“Poor Monsieur Desvanneaux!”
“You pity me, dear Mademoiselle? I thank you! The role of consoler is truly worthy of your large heart, and if you do not forbid me to hope—” said this modern Tartufe, approaching Eugenie little by little.
“Take care!” said she; “suppose the General should be hidden under that table, like Orgon!”
“The General!” exclaimed Desvanneaux; “he is too much occupied elsewhere!”
“Occupied with whom?”
“With Zibeline, probably. He never left her side all the evening, last night at the Opera.”
“Pardon me! He was here until after ten o’clock.”
“Yes, but afterward—when the opera was over?”
“Well, what happened when the opera was over?” Eugenie inquired, forcing herself to hide her emotion.
“They went away together! I saw them—I was watching them from behind a column. What a scandal!”
“And your conclusion on all this, Monsieur Desvanneaux?”
“It is that the General is deceiving you, dear Mademoiselle.”
“With that young girl?”
“A bold hussy, I tell you!
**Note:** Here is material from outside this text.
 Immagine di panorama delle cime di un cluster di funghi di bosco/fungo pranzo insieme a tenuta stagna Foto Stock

A Messalina! Ah, I pity you sincerely in my turn! And should a devoted consoler, a discreet avenger, be able to make you forget this outrage to your charms, behold me at your feet, devoting to you my prayers, awaiting only a word from you to become the most fortunate among the elect—”
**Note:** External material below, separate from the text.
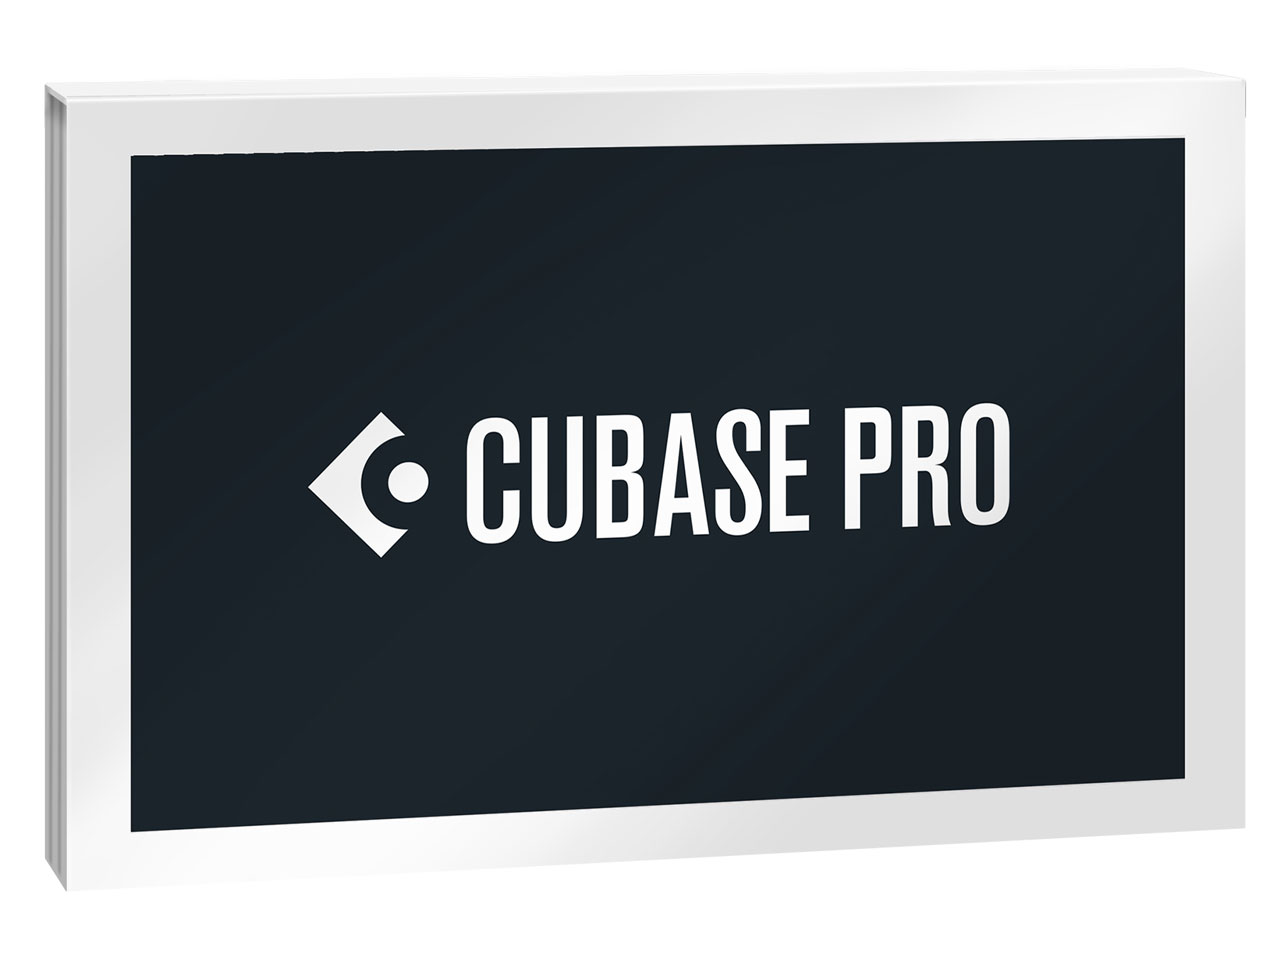 価格.com - Cubase Pro 通常版 の製品画像

A loud knock at the outer door spared Mademoiselle Gontier the trouble of repelling her ridiculous adorer, who promptly scrambled to his feet at the sound.
“A visitor!” he murmured, turning pale. “Decidedly, I have no luck—”
“Monsieur le Marquis de Prerolles is in the drawing-room,” a domestic announced.
“Beg him to wait,” said Eugenie, reassured by this visit, which was earlier than the usual hour. “You see that you are badly informed, Monsieur Desvanneaux,” she added.
“For heaven’s sake, spare me this embarrassing meeting!” said the informer, whose complexion had become livid.
“I understand. You fear a challenge?”
“Oh, no, not that! My religious principles would forbid me to fight a duel. But the General would not fail to rally me before my wife regarding my presence here, and Madame Desvanneaux would be pitiless.”
“Own, however, that you richly deserve a lesson, Lovelace that you are! But I will take pity on you,” said Eugenie, opening a door at the end of the room. “The servants’ stairway is at the end of that corridor. You know the way!” she added, laughing.
“I am beginning to know it, dear Mademoiselle!” said the pitiful beguiler, slipping through the doorway on tiptoe.
CHAPTER XIX
BROKEN TIES
After picking up a chair which, in his alarm, the fugitive had overturned in his flight, Mademoiselle Gontier herself opened the door leading to the drawing-room.